Need help with a practice probability question for Exam P!

#1
Here is the question - The length of time, in years, that a person will remember an actuarial statistic is modeled by an exponential distribution with mean 1/Y. In a certain population, Y has a gamma distribution with a=2 and B=1/2. Calculate the probability that a person drawn at random from this population will remember an actuarial statistic less than 1/2 year.

Here's how far I have gotten, which isn't very btw.
T= length someone remembers an actuarial statistic
T|Y has an exp distribution with mean 1/Y so f(t|y)=ye^(-ty)
f(y)=4ye^(-2y)
We need to figure out P(T<1/2).
I figure I could find f(t) by multiplying f(t|y) and f(y) to get f(t,y) and then integrating that with respect to y to get f(t). But the integral looks too messy.

Please explain this to me without the use of MGF. The manual I have explains it using MGF which isn't making any sense to me.

Thanks in advance!
 

Dason

Ambassador to the humans
#2
When you look at f(t|y)f(y) is there any way to get that to look like a familiar distribution with respect to y? Possibly one of the distributions you're working with? You might need a few constants but see if you can find anything that looks like a distribution you know.
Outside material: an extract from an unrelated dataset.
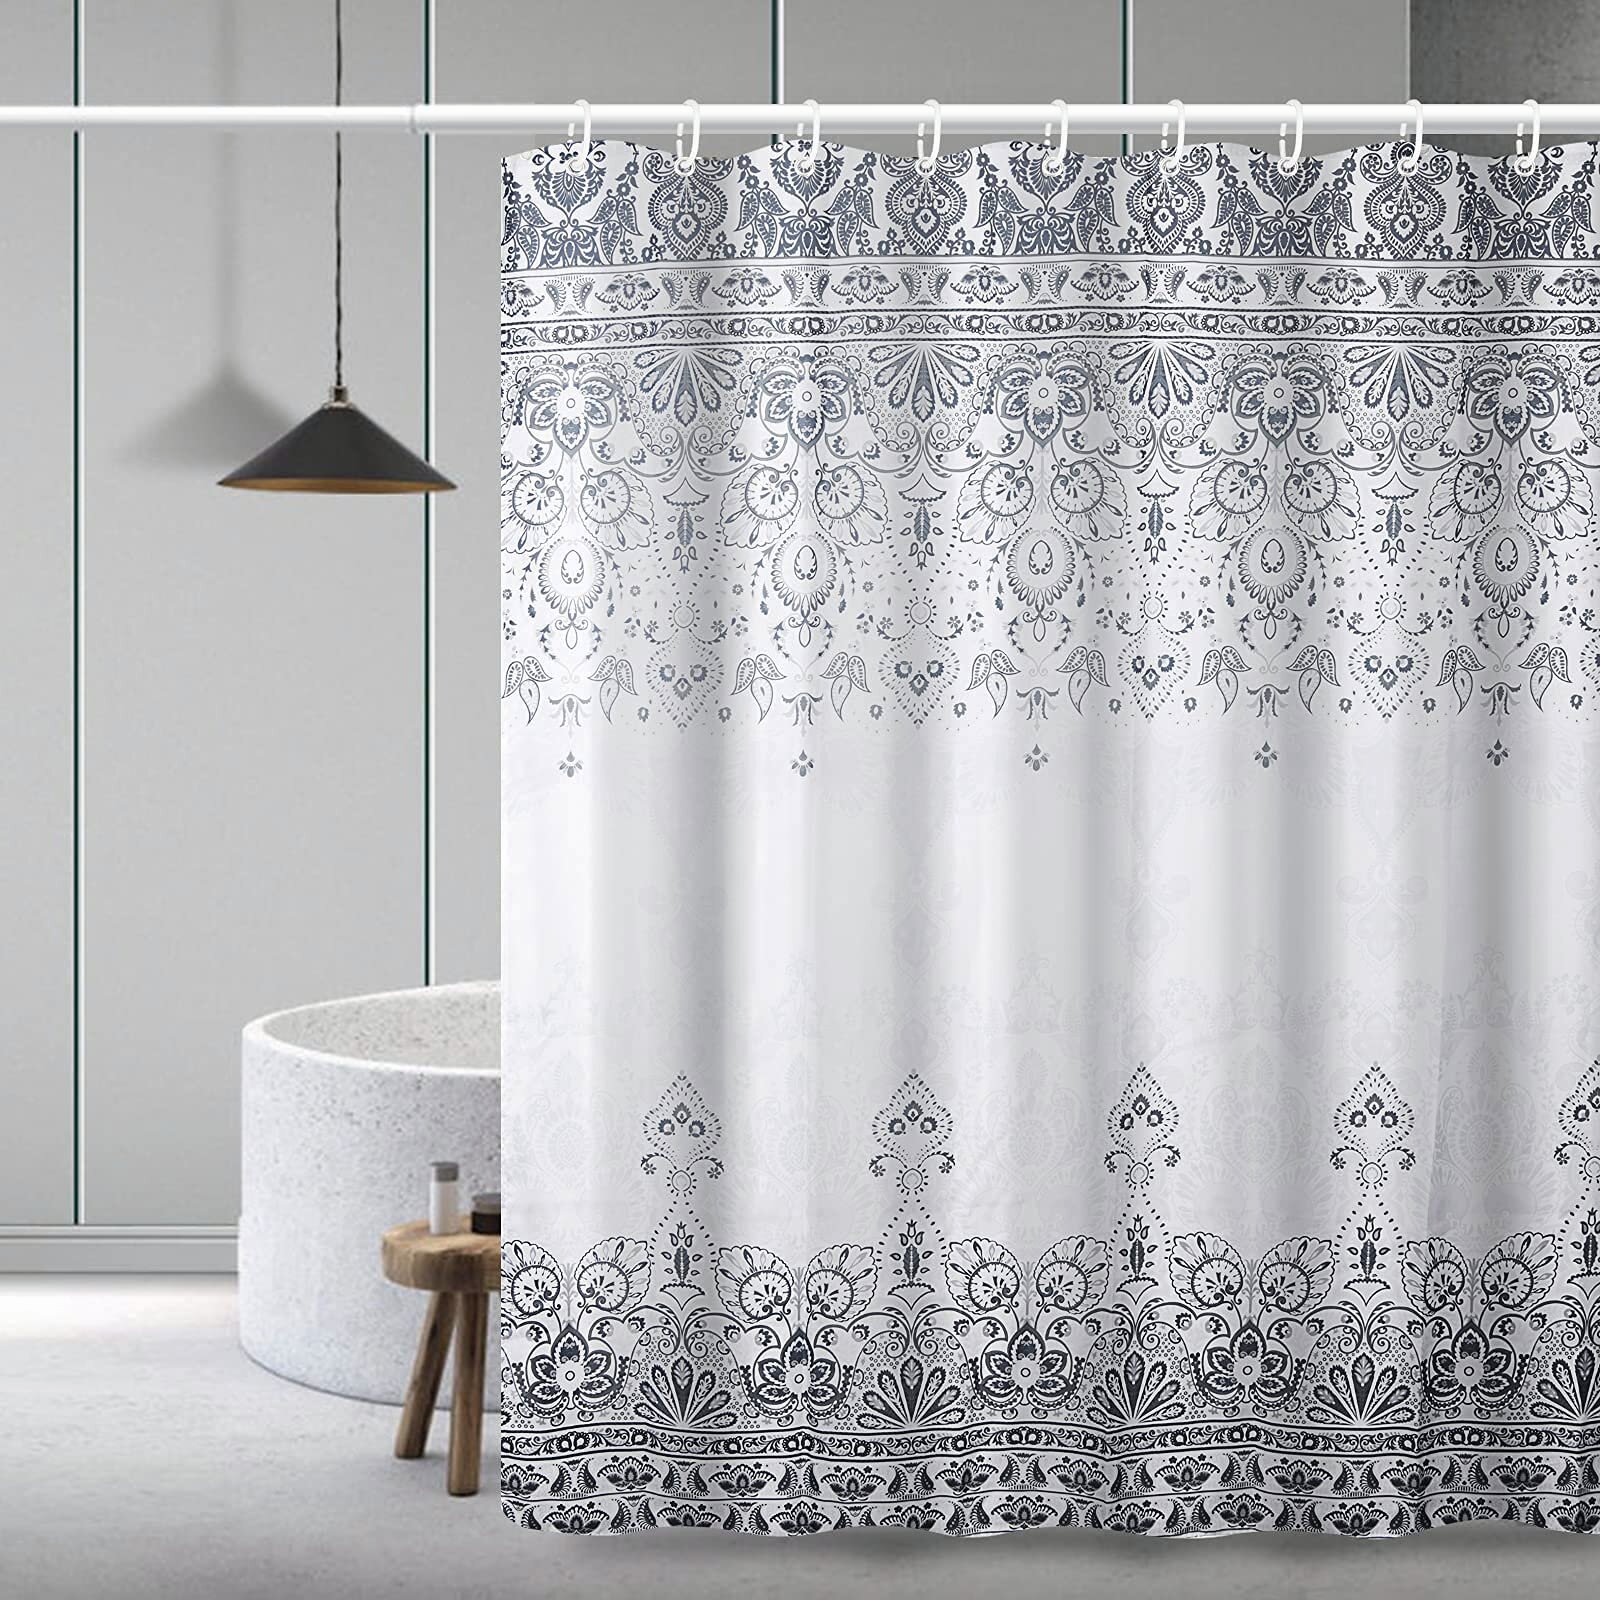 Shower Rhubarb Duck Polyester Waterproof Bathroom Fabric Shower Curtain 12 Hook

You'll probably use this kind of trick *a lot* in the future so you might want to get used to spotting the kernel of a distribution in an integral which makes evaluating the integral a lot easier.
 

BGM

TS Contributor
#3
Try to make yourself familiar with the gamma distribution and its integral:

If \( X \sim Gamma(\alpha, \beta) \), then its p.d.f.
\( f_X(x) = \frac {1} {\Gamma(\alpha)\beta^\alpha} x^{\alpha-1}
e^{-\frac {x} {\beta}}, x > 0, \alpha > 0, \beta > 0 \)
\( \Rightarrow \int_0^{+\infty} \frac {1} {\Gamma(\alpha)\beta^\alpha}
x^{\alpha-1} e^{-\frac {x} {\beta}} dx = 1 \)
\( \Rightarrow \int_0^{+\infty} x^{\alpha-1} e^{-\frac {x} {\beta}} dx
= \Gamma(\alpha)\beta^\alpha \)

Now \( f_{T,Y}(t, y) = f_{T|Y=y}(t|y)f_Y(y) = ye^{-ty}4ye^{-2y}
= 4y^2e^{-(t+2)y} \)
You should be able to figure out the corresponding parameters
and get the p.d.f. for \( T \).

Actually you can use
\( Pr\{T < \frac {1} {2}\}
= \int_0^{+\infty} Pr\{T < \frac {1} {2}|Y = y\}f_Y(y)dy \)
so you just need to find out the c.d.f. of \( T|Y = y \),
which is easy as it is just an exponential distribution